Pride did not pay for or request these other officers to lead the parade. But who cared? The Minneapolis parade that started back in 1972 to protest police harassment of the gay community was now enthusiastically led by the police — many of them out and proud members of the LGBT community. Amazing! It was an impressive spectacle — lights flashing, soprano sirens from police cars screaming, backed by the bass of the Harleys of the Dykes on Bikes.

But this year was different. Just more than a week ago, a police officer was acquitted in the killing of Philando Castile in the Twin Cities. While most members of our community appreciate the danger police face on the job daily, many members of the Twin Cities LGBTQ community still fear and distrust police.

So this year, Pride organizers decided to tone down the police spectacle at the start of the parade. Pride asked its police liaison to start the parade only with what was required — one unmarked police car — to show some consideration for those who are angry and grieving. Pride organizers also started discussions about where to feature police who wanted to march, although they realized any other spot would be less desirable. Everyone wants to be at the front of the parade.

However, these discussions suddenly became the subject of rumors on social media. Pride organizers sought to explain why they would not have a large police contingent start the parade. Then, the social-media hounds of hell of broke loose.
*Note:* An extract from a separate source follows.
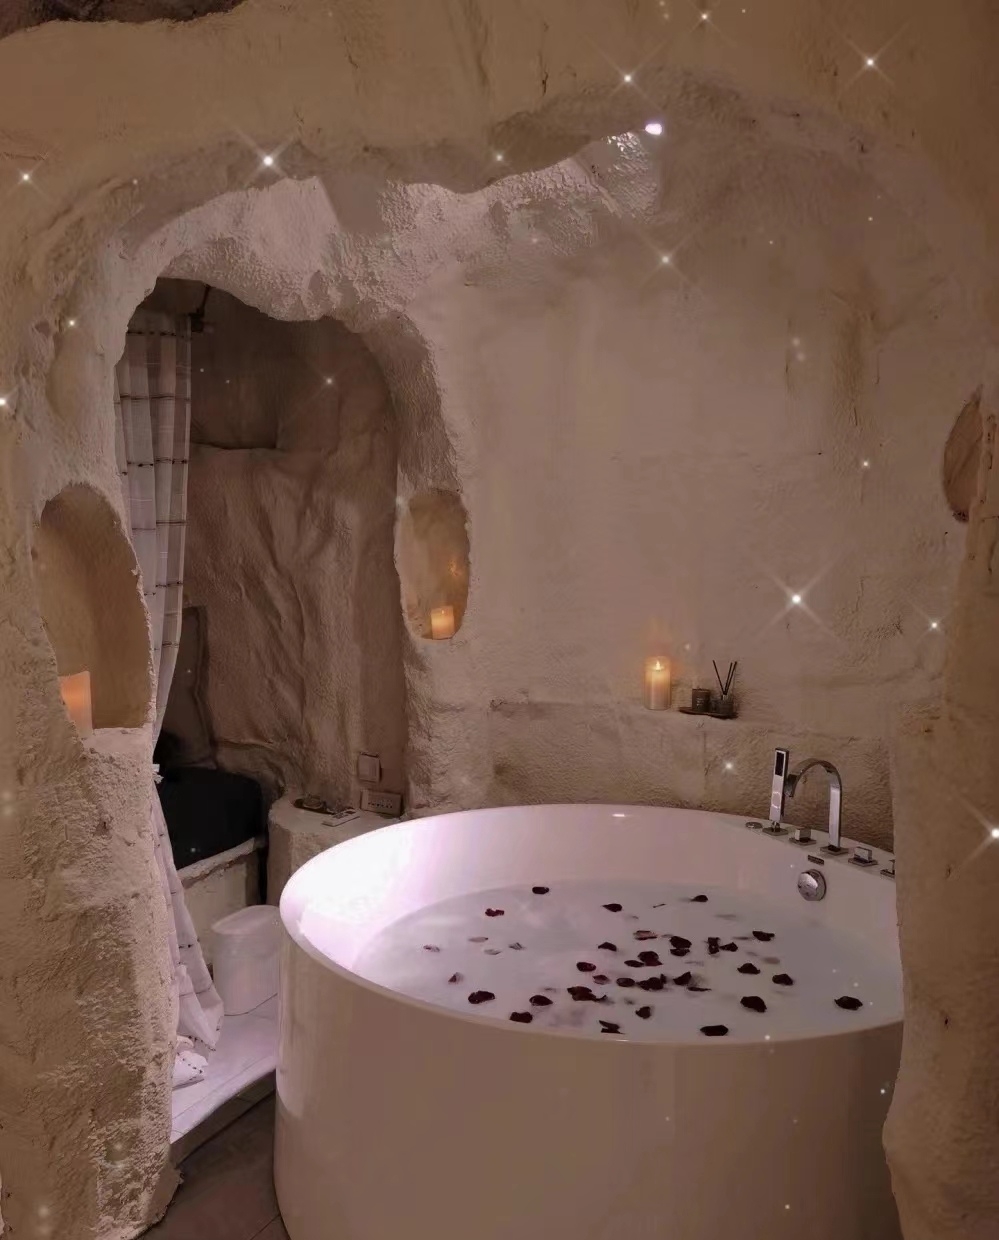 #隐居避世酒店 一定要跟女朋友住这家洞穴浴缸民宿❤️ 光这个浪漫双人浴缸，光想想就窒息啦 拍照真的特

Echoing social media, Minneapolis Police Chief Janeé Harteau called this "a decision to exclude officers." Mainstream media, including the Star Tribune, piled on, calling it a "ban" of police. Reducing the show of police force at the start of the parade is not the same as a ban or exclusion. Exclusion is a powerful word. Gay people should know that — they've experienced a lot of genuine exclusion.

Twin Cities Pride knows that the police presence at Pride was celebrated by many members of the community and that it was genuinely painful for others, even with Pride's efforts to tone it down. Pride organizers were not surprised by the protests that slowed the parade on Sunday. The false report of a police "ban" provided a distraction from outrage at laws that protect police from objectively unreasonable conduct.

Should communication have been better? Absolutely — on all sides. Should Pride organizers have thought to call Chief Harteau to let her know about the change to the start of the parade and to reassure her that she and her officers were welcome to march elsewhere, along with firefighters, drag queens and snowplow drivers? Yes.

Should Harteau have picked up the phone to talk with Pride organizers instead of releasing a public letter to Pride and tweeting about police exclusion when there was no such thing? Yes.

Unfortunately for Twin Cities Pride, the story of police exclusion built until it drowned out the truth. Pride organizers had very little time to deal with the rage directed at them from all sides just two days before their biggest events of the year.

Pride chose to apologize to police officers if they felt excluded or unwelcome and encouraged them to march with the Unity flag. Of course, that apology angered those who thought Pride had reversed course and lifted the "ban" (that never existed).

It took only one unmarked police car to start the Pride parade.

But it will take a lot of work to repair damaged relationships and reputations.

Eileen A. Scallen, associate dean for curriculum and academic affairs at the UCLA School of Law, is a former volunteer attorney for Twin Cities Pride. The opinions expressed are solely her own.